Pop critic says Bad Bunny embodies global shift in music
Jon Caramanica, The New York Times pop critic, said ahead of the Grammys on Sunday that he feels “this should be Bad Bunny’s year,” noting the artist is Puerto Rican, sings and raps almost entirely in Spanish, is nominated in the biggest categories and is set to headline the Super Bowl a week later.
Caramanica told the paper that Bad Bunny’s rise came at the confluence of two forces: the internet as a distribution platform and streaming’s ability to link language communities. The article notes Bad Bunny is the most-streamed artist on the planet and compares his timing to acts like BTS and the global spread of K-pop.
He also highlighted social media’s role in shaping pop today, saying that platforms such as TikTok have become a standard proving ground; the Best New Artist nominees include figures who started on social media or received big boosts there, including Addison Rae, Katseye and Sombr.
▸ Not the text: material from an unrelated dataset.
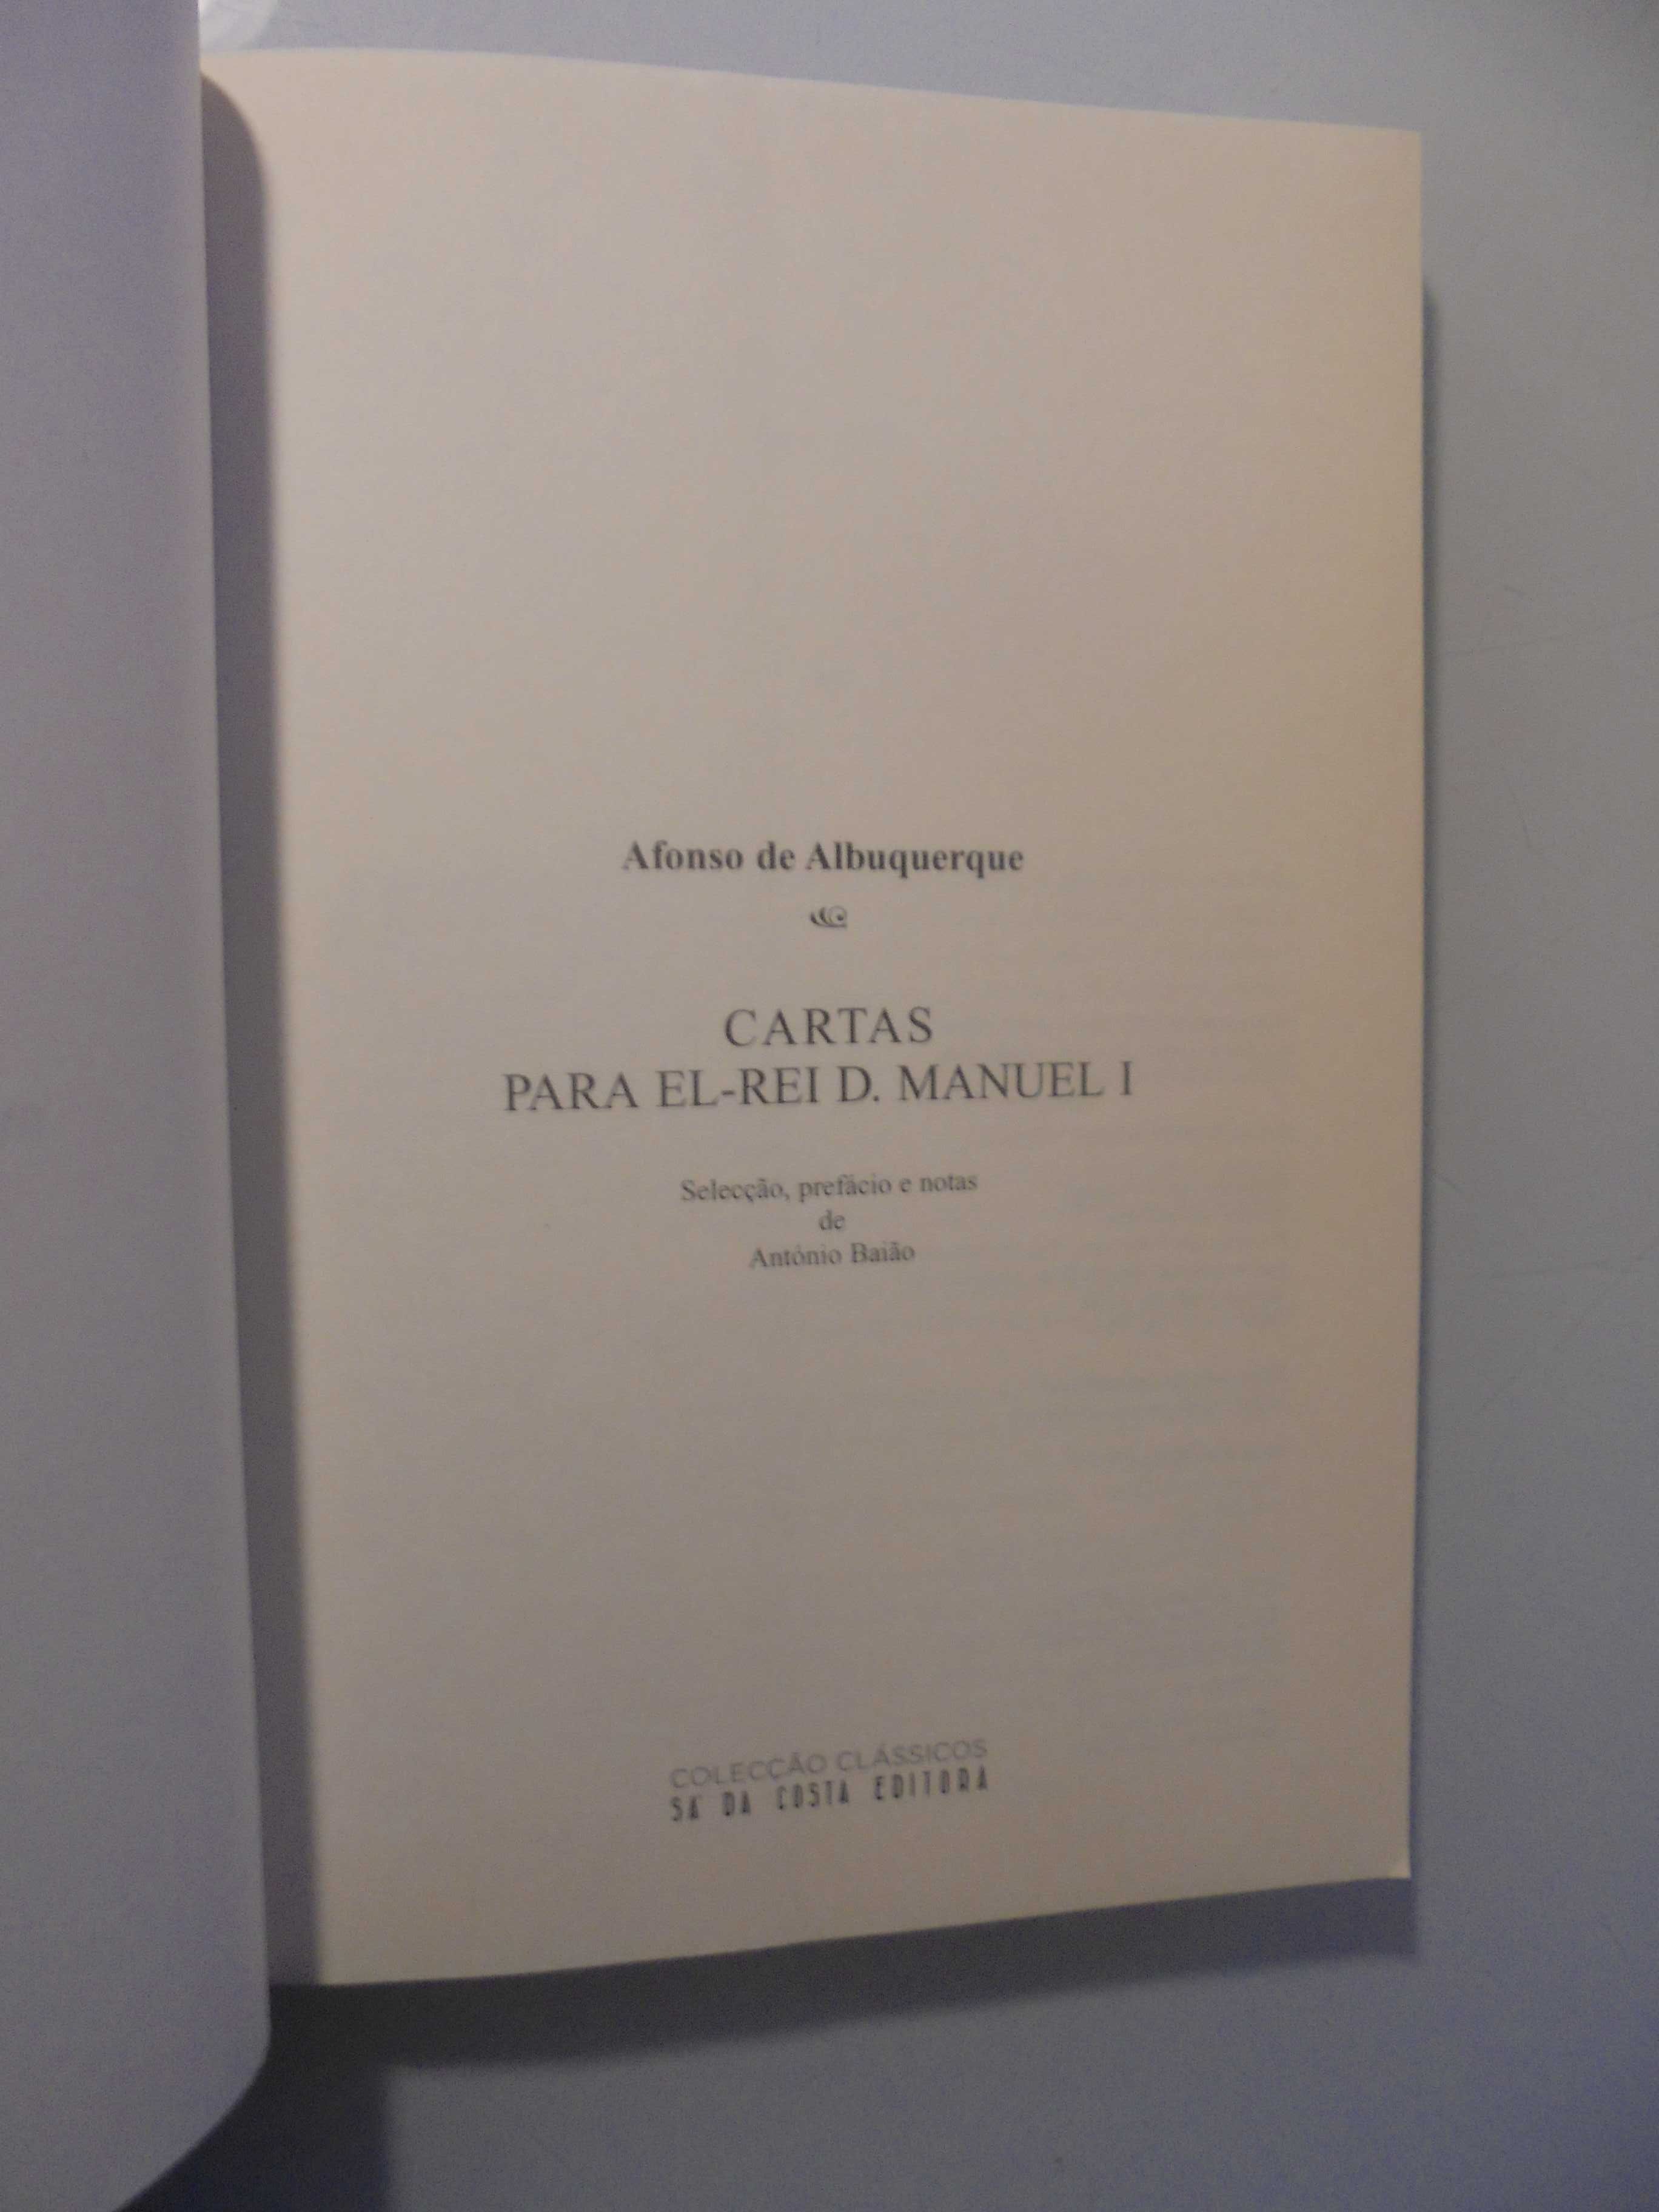 Baião (António);Afonso de Albuquerque-cartas Para El-Rei D.Manuel I

On artificial intelligence, Caramanica said A.I. is already present in music in small, functional ways—lyric suggestions, backing vocals, a “fake choir”—and that near-term uses will likely be as studio scaffolding rather than wholly generative art. He added that A.I. might become better at making music “right” but not at making it “wrong,” and that being wrong is where innovation often occurs.